◆ **Action item**: You are asked to reproduce the listing exactly and to omit its pictures.

◆ **Data provided**:
......

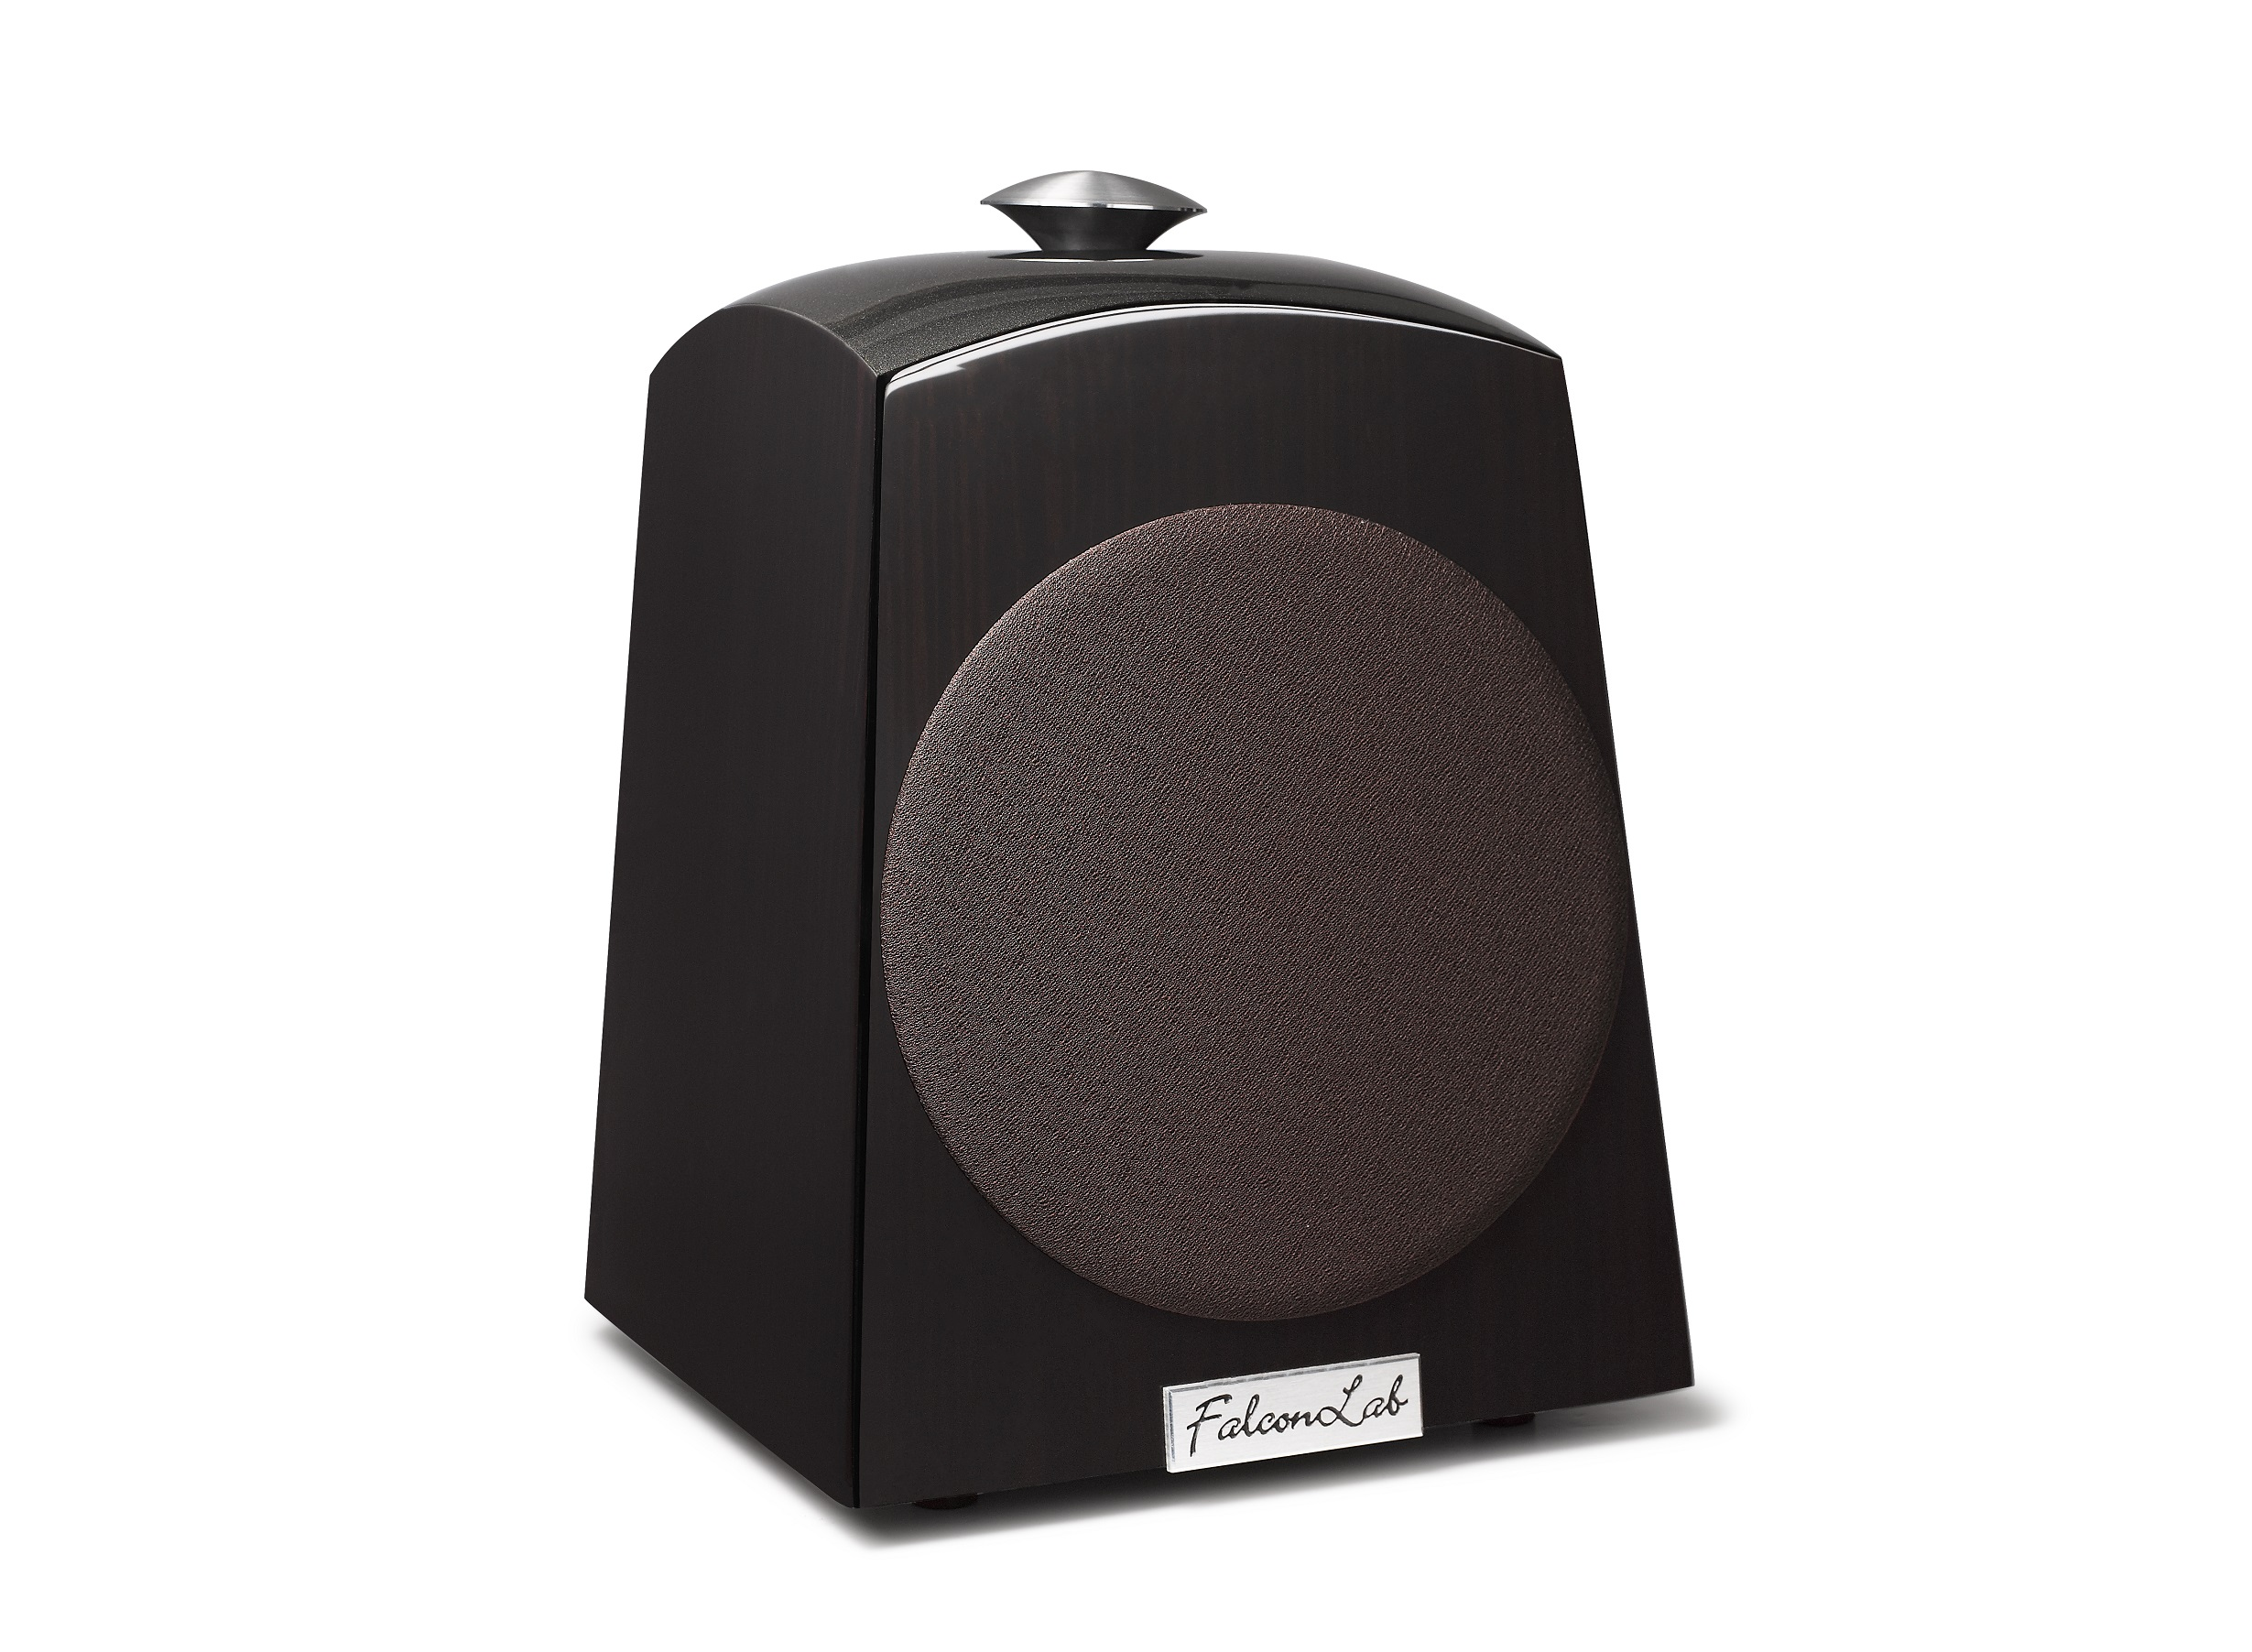 FalconLab Model201WG 全指向性スピーカーシステム (木目調ピアノ黒塗装)
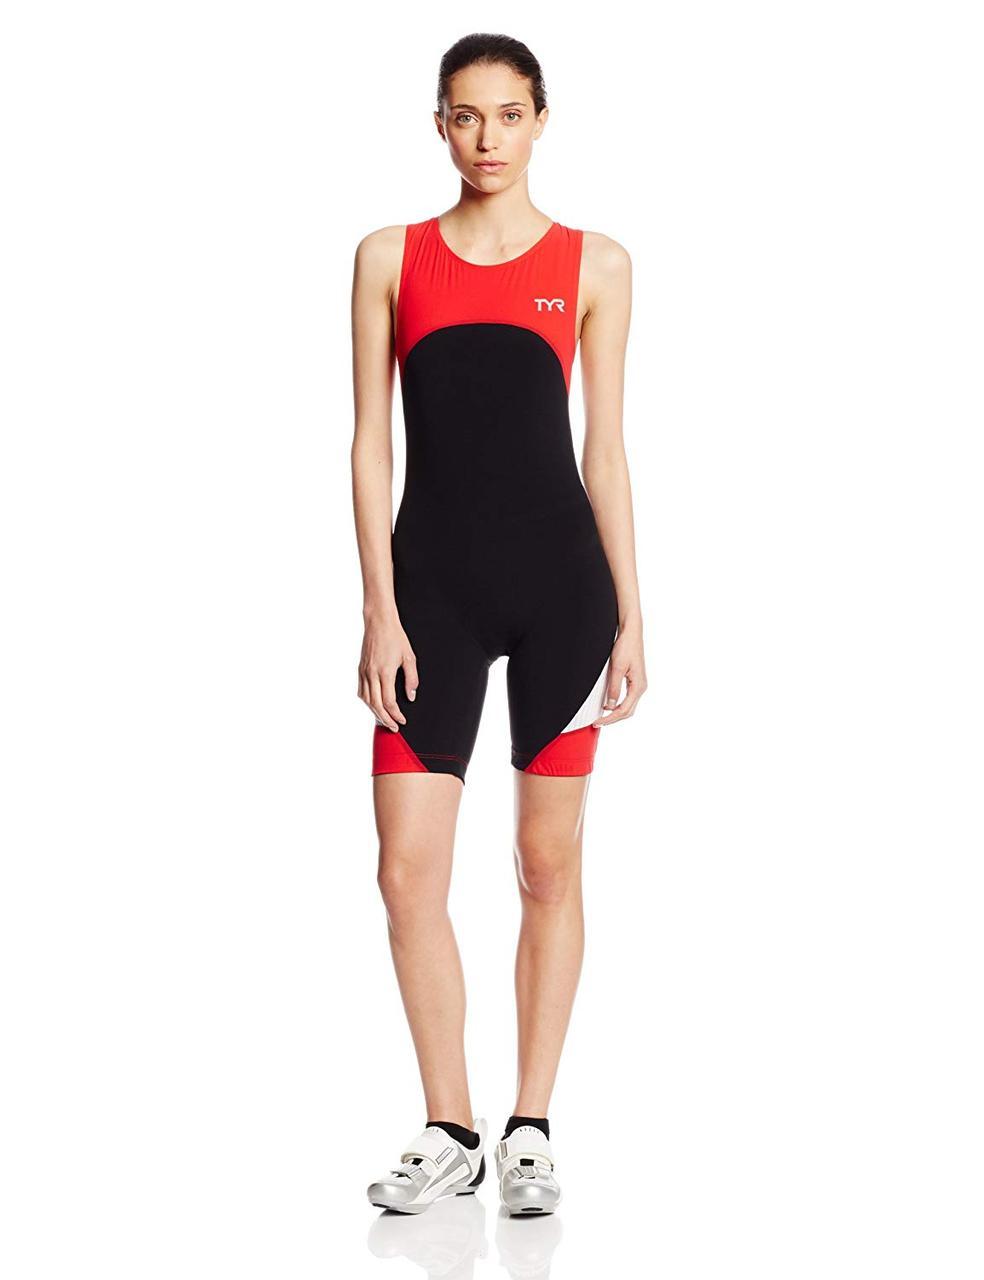 Стартовый костюм без рукавов с молнией сзади TYR Women's Carbon Zipper Back Short John W/Pad
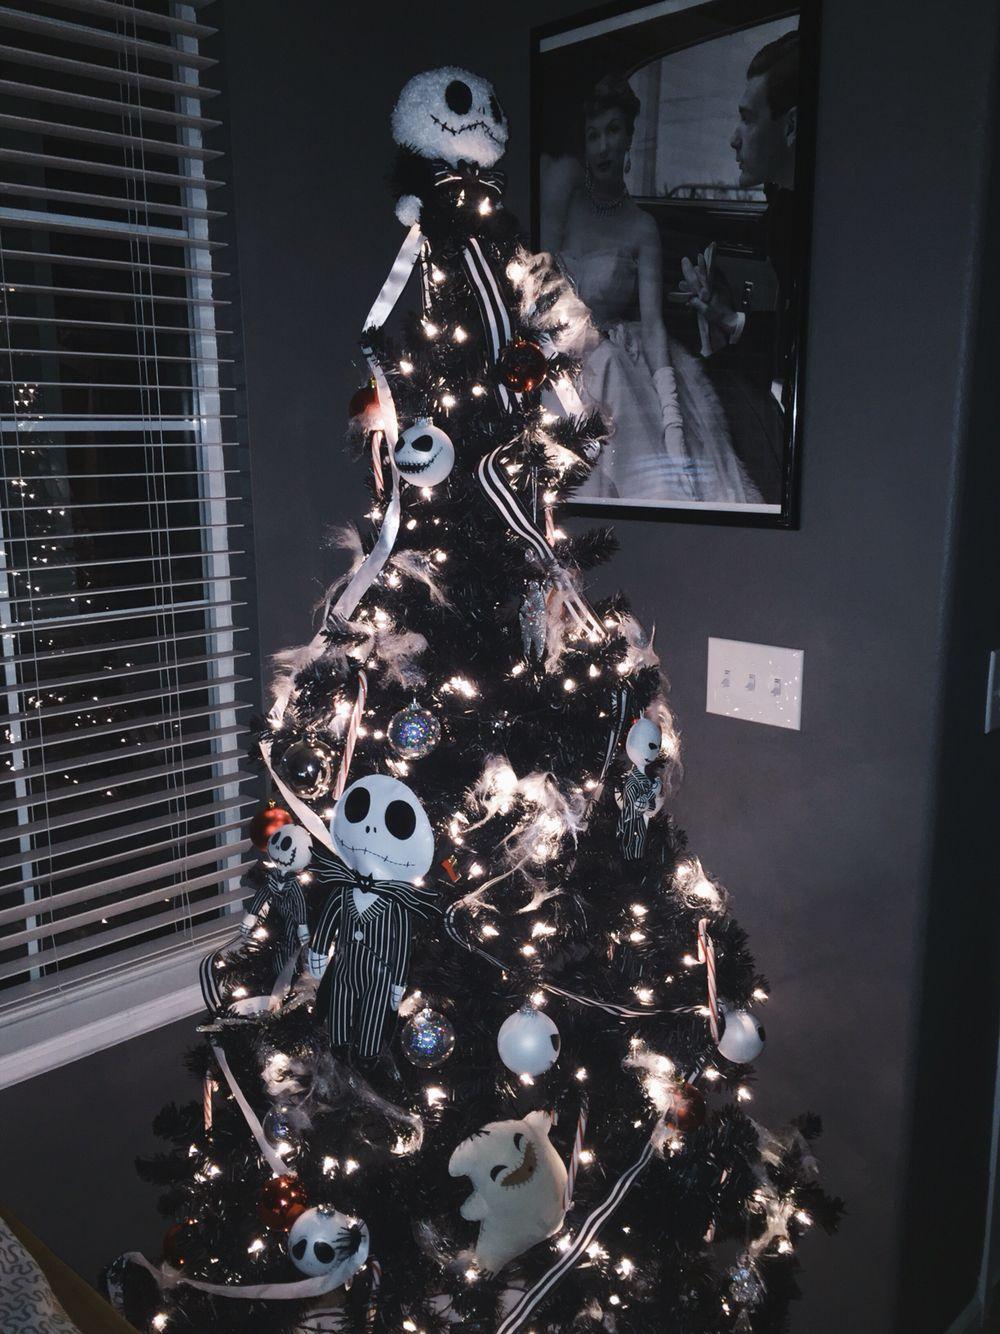 The Nightmare Before Christmas themed Christmas tree ...
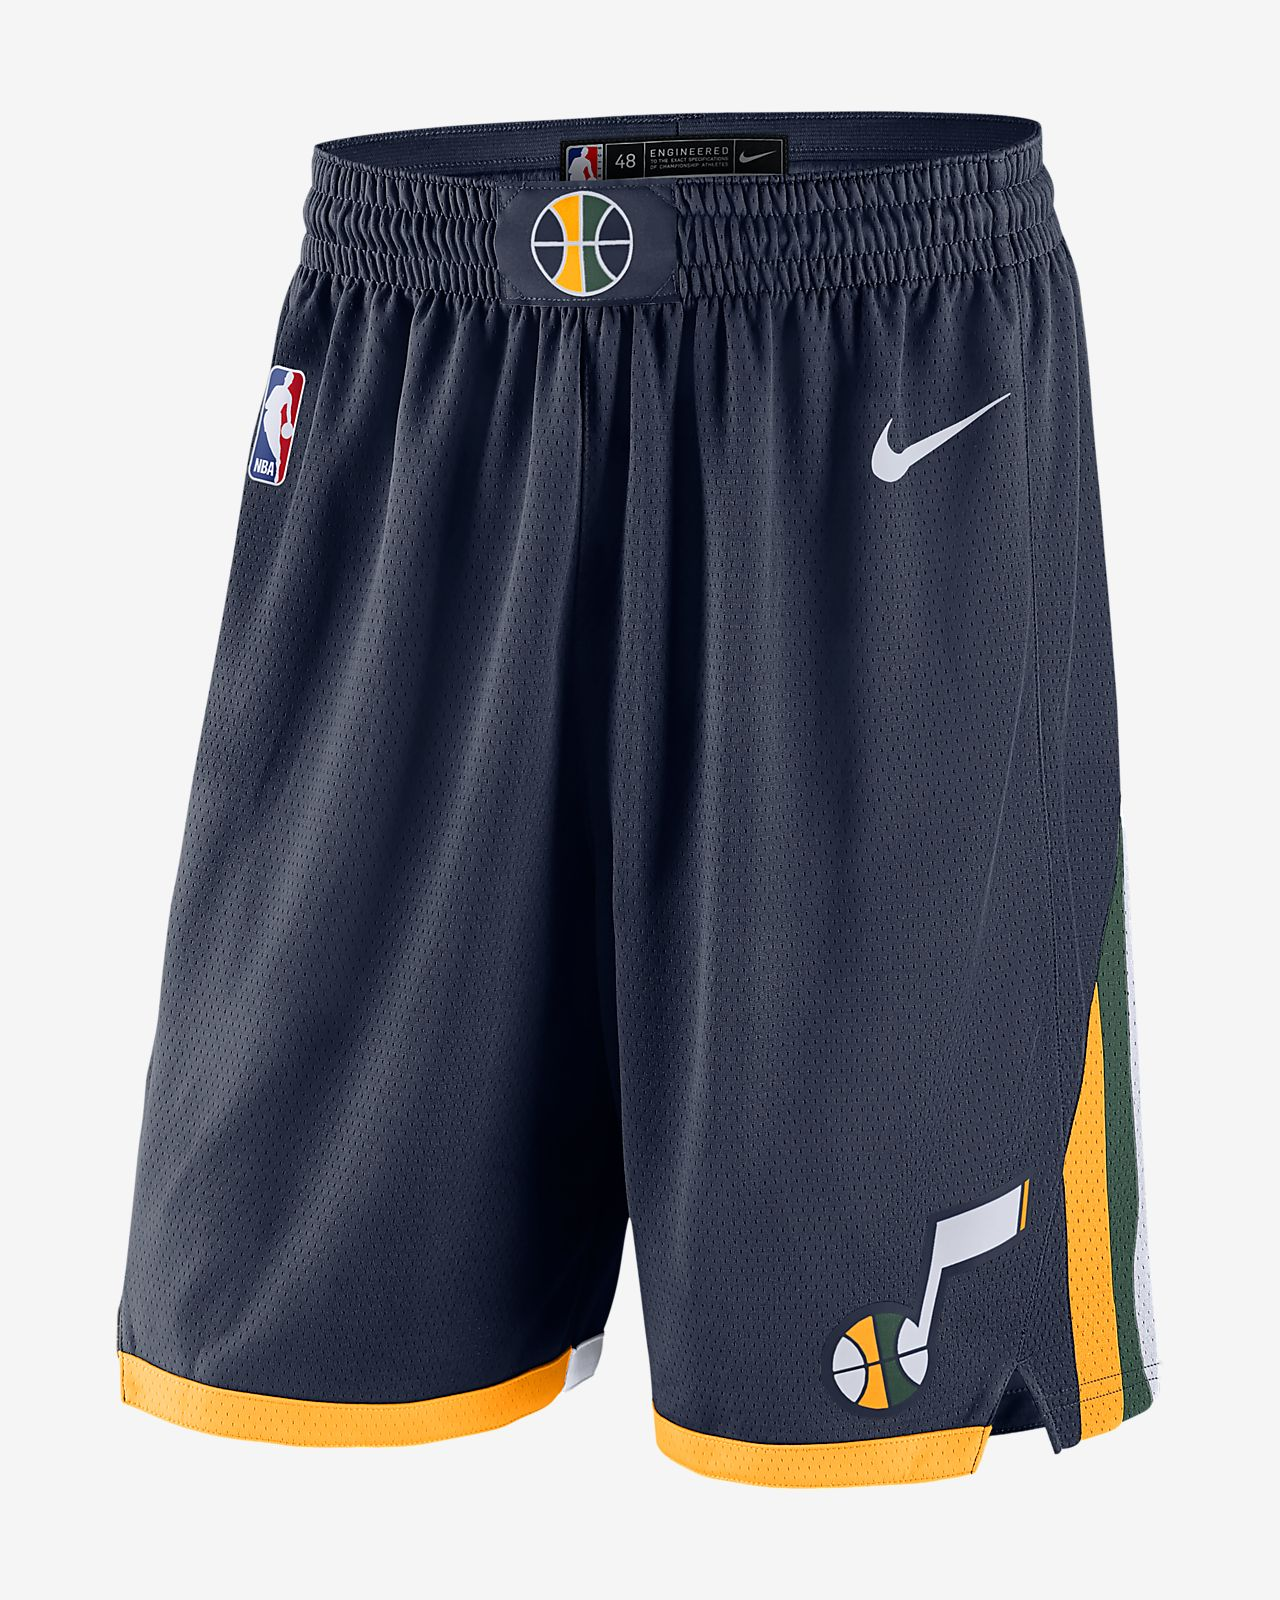 a7f2c44f3ef Utah Jazz Icon Edition Swingman Men s Nike NBA Shorts. Nike.com ZA

......

◆ **Exercise answer**:
 FalconLab Model201WG 全指向性スピーカーシステム (木目調ピアノ黒塗装)
 Стартовый костюм без рукавов с молнией сзади TYR Women's Carbon Zipper Back Short John W/Pad
 The Nightmare Before Christmas themed Christmas tree ...
 a7f2c44f3ef Utah Jazz Icon Edition Swingman Men s Nike NBA Shorts. Nike.com ZA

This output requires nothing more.